In our study, we experiment with semi-supervised learning using a sequence labelling classifier, aimed at improving overall performance on prescription extraction, with particular focus on the sparsest and (lexically and syntactically) most diverse medication entities: medication names, durations, and reasons. We hypothesize that a confidence-based bootstrapping approach needs to be tailored to fit the characteristics of individual entity categories. Sparse and diverse entity categories may not produce as high confidence as better defined and better represented entity categories; so we identify optimal confidence scores per entity category rather than per task. We refer to these per-entity confidence rates as “conditional confidence rates.”

3. Data

We used the dataset provided by the 2009 i2b2 Shared Task and Workshop on Medication Extraction. This dataset contains a total of 1,243 de-identified discharge summaries. From these summaries, two subsets have been manually annotated: (1) 145 records annotated by Patrick et al. from the University of Sydney⁴. We refer to this subset as the Sydney set and use it for training our supervised models. (2) 251 records annotated, under the guidance of shared task organizers, during the shared task by the participants³. This set was the official benchmark set of the shared task and is referred to as the i2b2 set. We use the i2b2 set for final system evaluation. There is no overlap between the Sydney and the i2b2 sets. The remaining 846 unannotated documents contribute to semi-supervised learning. We refer to these unannotated records as the unlabeled set. See Table 2 for the per-category statistics in each subset.

Table 2.

Number of entities per category and entries in the Sydney, i2b2, and unlabeled subsets.

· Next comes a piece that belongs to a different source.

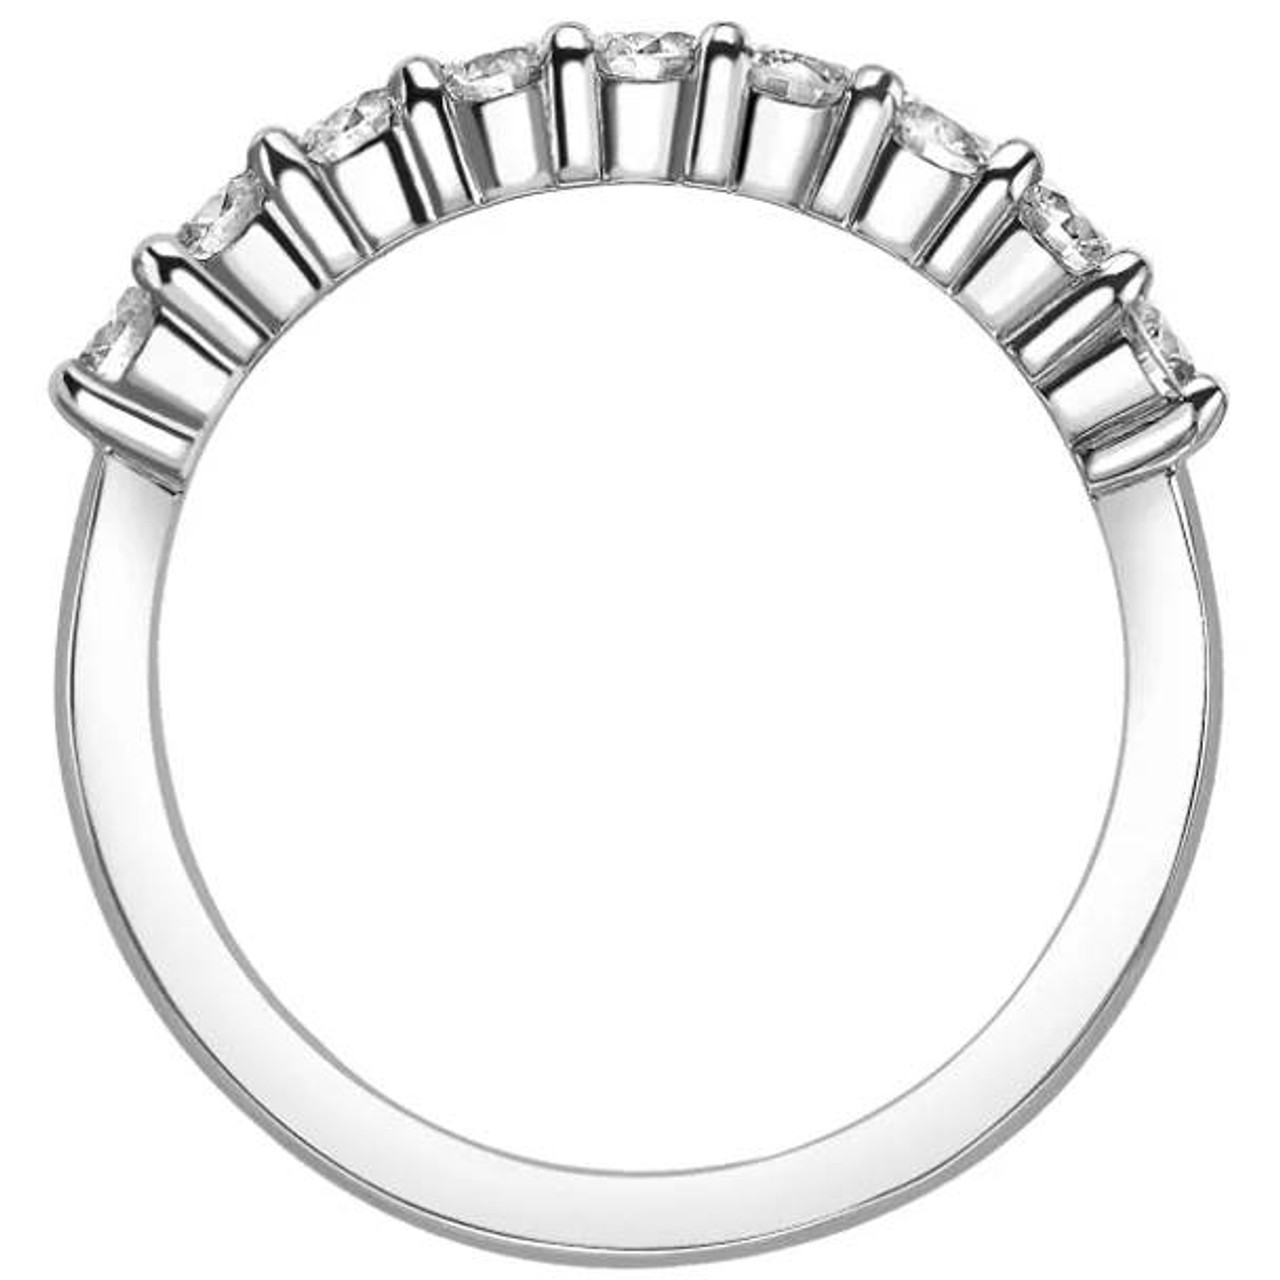 Solid 14K White Gold 1 Ct Half Eternity Wedding Band Excellent Round Cut Diamond

Subset	Record	Token	Medication	Dosage	Mode	Frequency	Duration	Reason	Entry
Sydney	145	250,436	7,988	4,132	3,052	3,881	508	1,516	8,516
i2b2	251	284,311	8,440	4,371	3,299	3,925	499	1,325	9,193
Unlabeled	846	925,703	N/A	N/A	N/A	N/A	N/A	N/A	N/A

Open in a new tab

4. Method

Our system, FABLE, automatically extracts medication entries from electronic health records. Extraction of medication entries requires first the identification of medication entities, and then the linkage of these entities to the medication that they describe so as to create entries. This means that poor performance on medication entity extraction dooms medication entry extraction from the outset. In other words, improved performance on medication entity extraction also enables improvement in medication entry extraction. Therefore, FABLE focuses on extraction of medication entities. It employs semi-supervised learning to capitalize on unlabeled data to enhance recognition of sparsely represented, lexically and syntactically diverse medication entities. The unlabeled data also help it compensate for potentially incomplete dictionaries.

Figure 1 shows FABLE’s workflow. The workflow starts with pre-processing and feature extraction which help semi-supervised learning of entities. The entities then become input to a relation extractor which links together all entities related to the same medication. Final output is a prescription consisting of medication entries.

4.1. Pre-processing

We pre-processed our data as follows. We split the documents into sentences and into tokens by splitting at periods and whitespaces, while also maintaining the punctuation in acronyms, lists, and numbers. We lowercased all tokens and paired them with part-of-speech (POS) tags using Natural Language Toolkit (NLTK)¹³. Finally, we replaced numbers, including literal and numerical forms, with placeholders (e.g., 200 ml → DDD ml, Seven hours → D hours, the fifth day → the D day).

4.2. Feature Extraction

We extracted the following features from our data. Tokens and POS tags are considered the base features for our models. We then added six temporal binary features¹⁴ to represent medication entities that contain temporal expressions, such as durations and frequencies. These features indicate whether the current token is a temporal signal (e.g., “for” in for three weeks, “before” in “before admission”, “after” in “after 24 hours”), a time (e.g., 8am, 7pm), a temporal period (e.g., decades, weekends), a part of the day (e.g., morning, afternoon), a temporal reference (e.g., today, yesterday), and a number (e.g., 0.25, 700).

We also included word embeddings¹⁵ in the feature set to capture meaningful syntactic and semantic regularities based on statistical co-occurrences of the tokens. The extraction of word vectors is unsupervised. Real-valued word vectors in clinical NER were proven to be effective¹⁶ for significantly improved performance.

We extracted 100-dimensional real-valued word vectors using GloVe¹⁷ from a subset of MIMIC III¹⁸. This subset contains about 2 million clinical notes from about 46 thousand patients. We pre-processed this dataset using the same pre-processing steps described in Section 4.1 to create a training corpus that is compatible with our task. We used the vector from token <unknown> for words that did not exist in MIMIC III.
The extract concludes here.